Monday, October 11, 2010
first seen @ Drexel East Theater, Bexley, OH
For about three or four years during the late 90s I worked at the video store with a fella named Bill. He was a manager, approximately in his mid-to-late 40s at the time, and knew plenty about movies, especially classic ones. He was also gay. I had never worked with a gay person before, but I don't recall thinking it was that big a deal, since I was more concerned with learning all I could about movies. Bill was one of several co-workers who were founts of movie knowledge and I remember feeling hopelessly inadequate. I had gotten this job through a friend's recommendation, and I was eager to pull my weight as best I could.
Bill was not always the easiest person to get along with. He could be temperamental, moody, and caustic at times, with customers as well as co-workers. At the same time, however, he could be hilariously funny and, if not warm, then at least friendly and thoughtful. He and I worked many hours together, and as a result, I learned a great deal about movies, but I also got an education on gay life, especially as it was during the 70s.
Jean-Michel Basquiat. And much more. To call this kinda stuff eye-opening would be an understatement; after all, what did I, a 20-something hetereosexual black kid, know about gay life? Still, though, if a connection was made between us - and I believe there was - it was unquestionably through movies.
We would sometimes put on gay-themed films like The Boys in the Band or The Children's Hour and Bill would talk about their significance. Or he'd put on some of his favorites like Meet Me in St. Louis or Bringing Up Baby and I'd get a better insight to his tastes. He used to always put on All About Eve on his birthday. Bette Davis' lover in the film is also named Bill, and there's a scene where they talk on the phone long-distance on his birthday, and "my" Bill would love it when Bette Davis says, "Bill! It's your birthday!" I still can't watch that movie without thinking of him.
He and I worked several holidays together. I'll never forget the New Year's Eve we spent together where, alone in the store at one point and feeling kinda goofy, we ended up melodramatically singing "Memory" from Cats. I don't recall exactly why; I just remember us having fun doing so.
Bill was the first gay person I got to know well. He wasn't always pleasant to be around, but when he was, he was genuinely a good guy, and my understanding of gay life increased dramatically as a result. While I never had any sort of prejudice against gays, I definintely had some misconceptions about them based in ignorance. In the years since, I've met a number of other gay people, and a few became good friends. Plus, I've done more reading on the subject, and cartoonists like Howard Cruse and Ellen Forney have furthered my understanding greatly.
Which brings me to the current gay civil rights movement. While living in Columbus, Ohio, I followed the Proposition 8 controversy in California and did my best to show my support for gay rights. On the cover of the laptop I'm using right now is a Human Rights Campaign "equal" sticker I acquired while in Columbus.

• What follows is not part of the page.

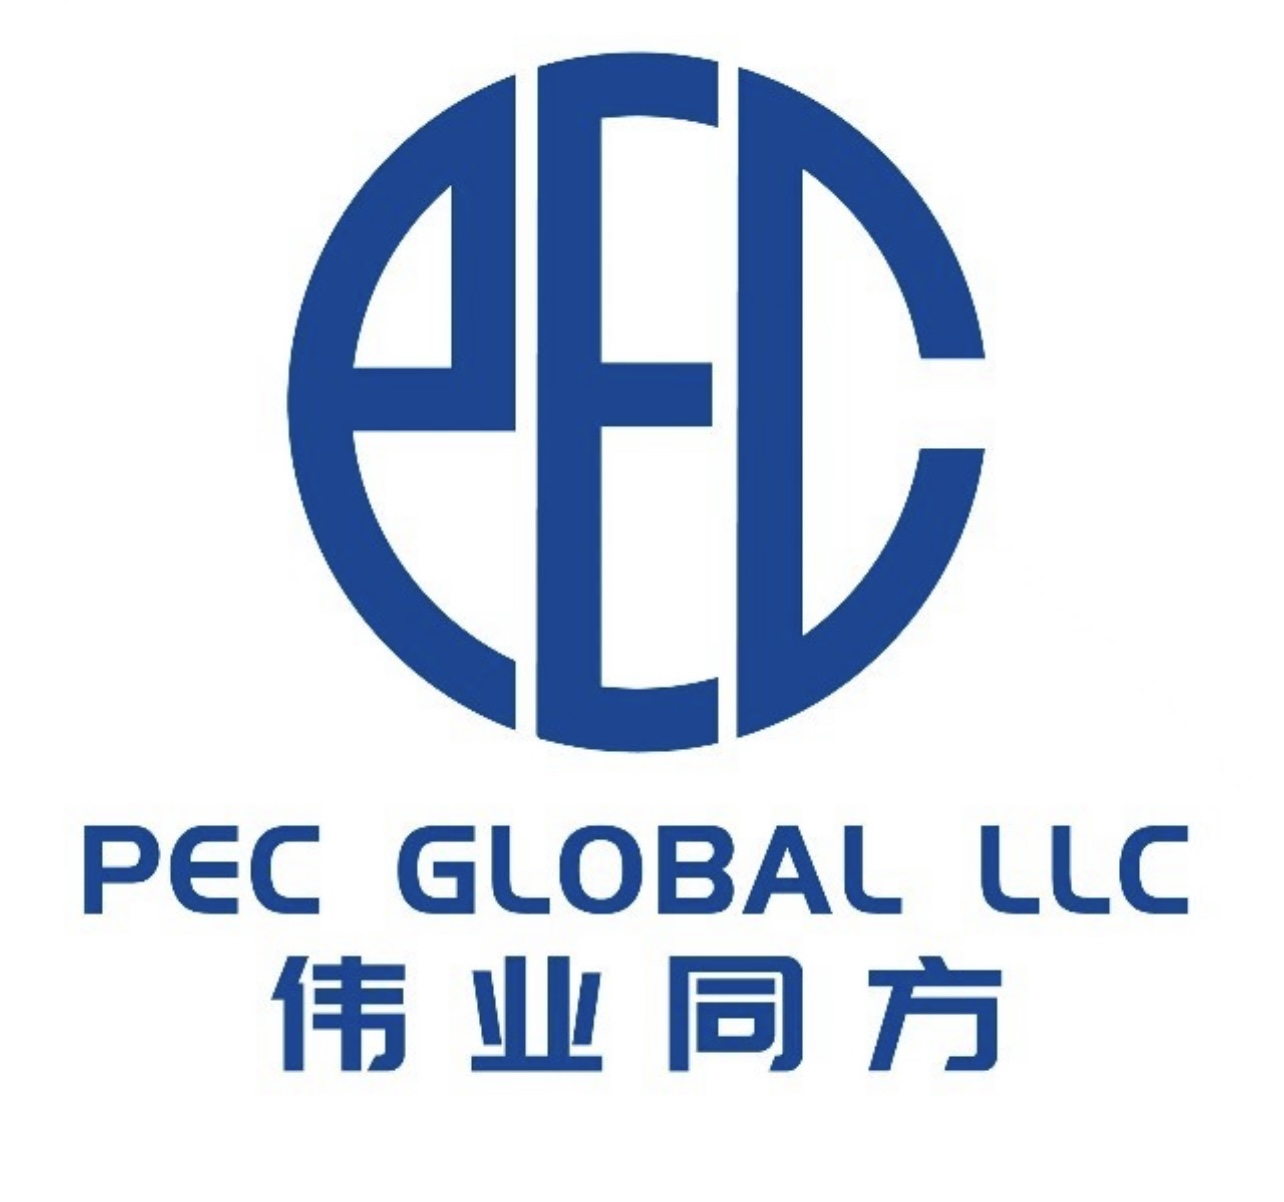 PEC Global LLC

I worked as a cartoonist for a local neighborhood newspaper, and I devoted a couple of my strips to Prop 8 and gay rights in general.
And then I saw the movie Milk. If I were to be completely honest, there are aspects to gay life I still don't understand, and probably never will... and yeah, there's still a smidgen of fear on my part as a result, and that's something I need to deal with. But seeing Harvey Milk's life dramatized in this fashion moved me deeply. The point from this film that sticks out in my mind is how much Milk felt that gays need to come out of the closets in order to gain acceptance, and it's so true. I know for a fact that I would not be as sympathetic and supportive of the cause were it not for me making friends with people like Bill, and Denise and Terry and Tim and Ed and more whom I know, and in some cases, love. I remember the minute I walked out of the theater I got on my cell and called Denise, so eager was I to share my euphoria over seeing this movie with someone who would understand. She wasn't home, unfortunately, so I lingered outside the theater for awhile, simply wanting to hold on to the feeling a little longer.
And now I look at this current rash of gay teen suicides and I despair... and I wonder what it'll take for America to fully embrace their gay sons and daughters as their own. At a time when gay culture has become more prevalent than ever, those who feel threatened by it are making their influence felt, in our schools, our workplaces, and our homes. All I can say is this: don't be afraid. Don't let fear and ignorance of gay people guide you into cowardly acts of bullying. There's no need. Try to get to know a few. You might find you have more in common than you think.